Дверь открыла стильная брюнетка в ярко-алом платье и, смерив полицейских недоверчивым взглядом, спросила:

— Что вам нужно?

— Детектив Истербрук, офицер Уитли, — они показали жетоны.

— И что?

— Вы Алисия Соррейс?

— Пока да.

— Нам нужно задать вам несколько вопросов.

— Проходите, только, пожалуйста, не долго. Вам очень повезло, что вы вообще меня застали. Я сегодня уезжаю, — она процокала каблучками к низенькому дивану в японском стиле и жестом пригласила полицейских сесть.

— Спасибо. Вам известно, где сейчас ваш муж? — детектив весьма неуклюже плюхнулся на диван и мысленно ужаснулся тому, как придётся вставать. Уитли был похудее, но тоже испытал изрядные неудобства. Ему пришлось либо вытягивать ноги в аккурат до дивана напротив, где на удивление элегантно сидела хозяйка, либо подтягивать колени к ушам. Он выбрал второе.

— Сейчас у меня нет мужа. Если вы о Соррейсе, то уже два месяца как он мне не муж. Официально!

— Я сожалею.

— А я нет. Это всё что вы хотели знать?

— Нет. Что вы можете сказать о своём бывшем муже?

— Что именно вас интересует? — неопределённые вопросы полицейских уже начинали её настораживать.

— Что он за человек? Где он живёт?

— Самый обыкновенный. А где он живёт, понятия не имею. По контракту квартира моя.

— Кто был инициатором развода?

— Зачем вам это знать? Зачем вы вообще пришли?

— Ответьте, пожалуйста.

— С такими, как я, не разводятся. Тем более такие, как Соррейс. Можете думать, что я стерва, и всё такое прочее.

— Это, какие — «такие»?

— Неудачники, увальни, тряпки. Продолжать?

— Не стоит, я понял. Чем мистер Соррейс занимался после увольнения из ФБР?

— Бизнесом. Кажется, занимался установкой сигнализаций и всяких подобных вещей.

— Как у него шли дела?

— Никак. Ему противопоказано заниматься бизнесом. Он разорился, чего и следовало ожидать.

— Почему его уволили из ФБР?

— А у него принципы взыграли! Он же у нас ещё и принципиальный! — в голосе невозмутимой Алисии прозвучало раздражение или даже отвращение.

— Объясните.

— Это лучше спросить у его коллег. Я почти ничего не знаю.

— С кем вы посоветуете поговорить? У него были друзья в бюро?

— Нет, он вообще замкнутый человек. Но больше всего он общался с одним кинологом. У этого кинолога была какая-то замечательная собака, и они часто вместе работали. Только я плохо помню, как его звали, какая-то простая фамилия, типа Эдвардс или Эванс, а имя помню, Роджер. Его ещё иногда называли Весёлым Роджером, в честь пиратского флага. По-моему, всё-таки Эванс.

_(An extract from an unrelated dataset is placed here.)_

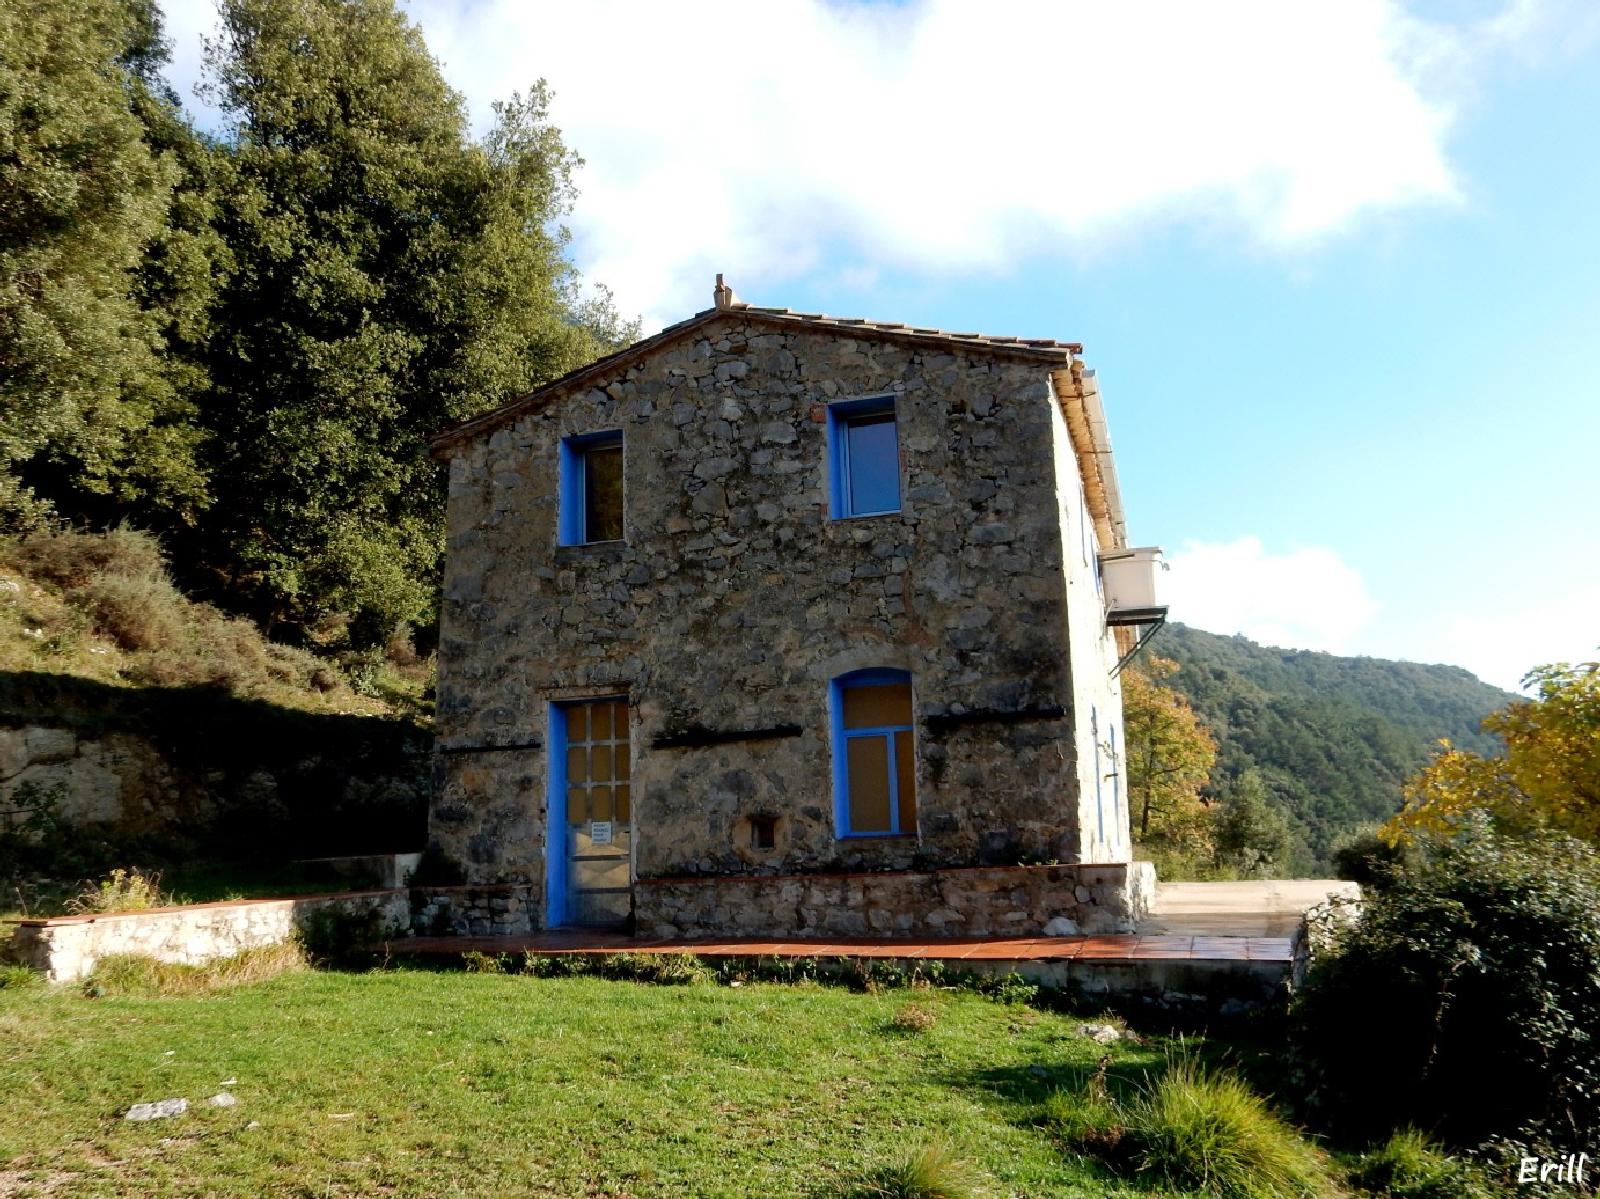 Property with 521 hectares and 3 farmhouses in good condition

— Уверены? Это очень важно.

— Я сказала, как помню.

— Хорошо. Адреса, я полагаю, вы не знаете. (Она покачала головой.) Вы можете предположить, куда бы мистер Соррейс мог поехать?

— Никуда.

— Подумайте, может у него есть дом за городом, или у моря, или, в конце концов, место, где вы любили отдыхать.

— Мы — отдыхать?! — она громко засмеялась, — За все одиннадцать лет брака мы съездили только в свадебное путешествие в Швейцарию!

— Я не поверю, чтобы вы не любили курортов.

— Я-то люблю, а он — нет. Курорты его раздражают, и времени у него всегда не было. Я путешествовала одна.

— А остров Гуам?

— Какой ещё Гуам? Это где?

— В Тихом океане. Мистер Соррейс там родился.

— Аааа, да, припоминаю. Его отец служил там на какой-то базе. Но Соррейс никогда там не был в сознательной жизни. Он ничего там не помнит, и у него ничего там нет.

— У мистера Соррейса есть машина марки Бьюик?

— Повторяю, у него сейчас ничего и нигде нет. Но была. Вообще, если вам хочется увидеть его настоящую жену, то это как раз эта груда железа. Он её обожал.

— Значит, вы не знаете, где сейчас может находиться мистер Соррейс?

— Послушайте, я и Соррейс — чужие люди, я ничего о нём не знаю, а он — обо мне. Мне жаль, но я ничем помочь не могу. А почему он так вас интересует? Он вляпался в какую-то историю?

— А почему вас это интересует, вы ведь чужие люди?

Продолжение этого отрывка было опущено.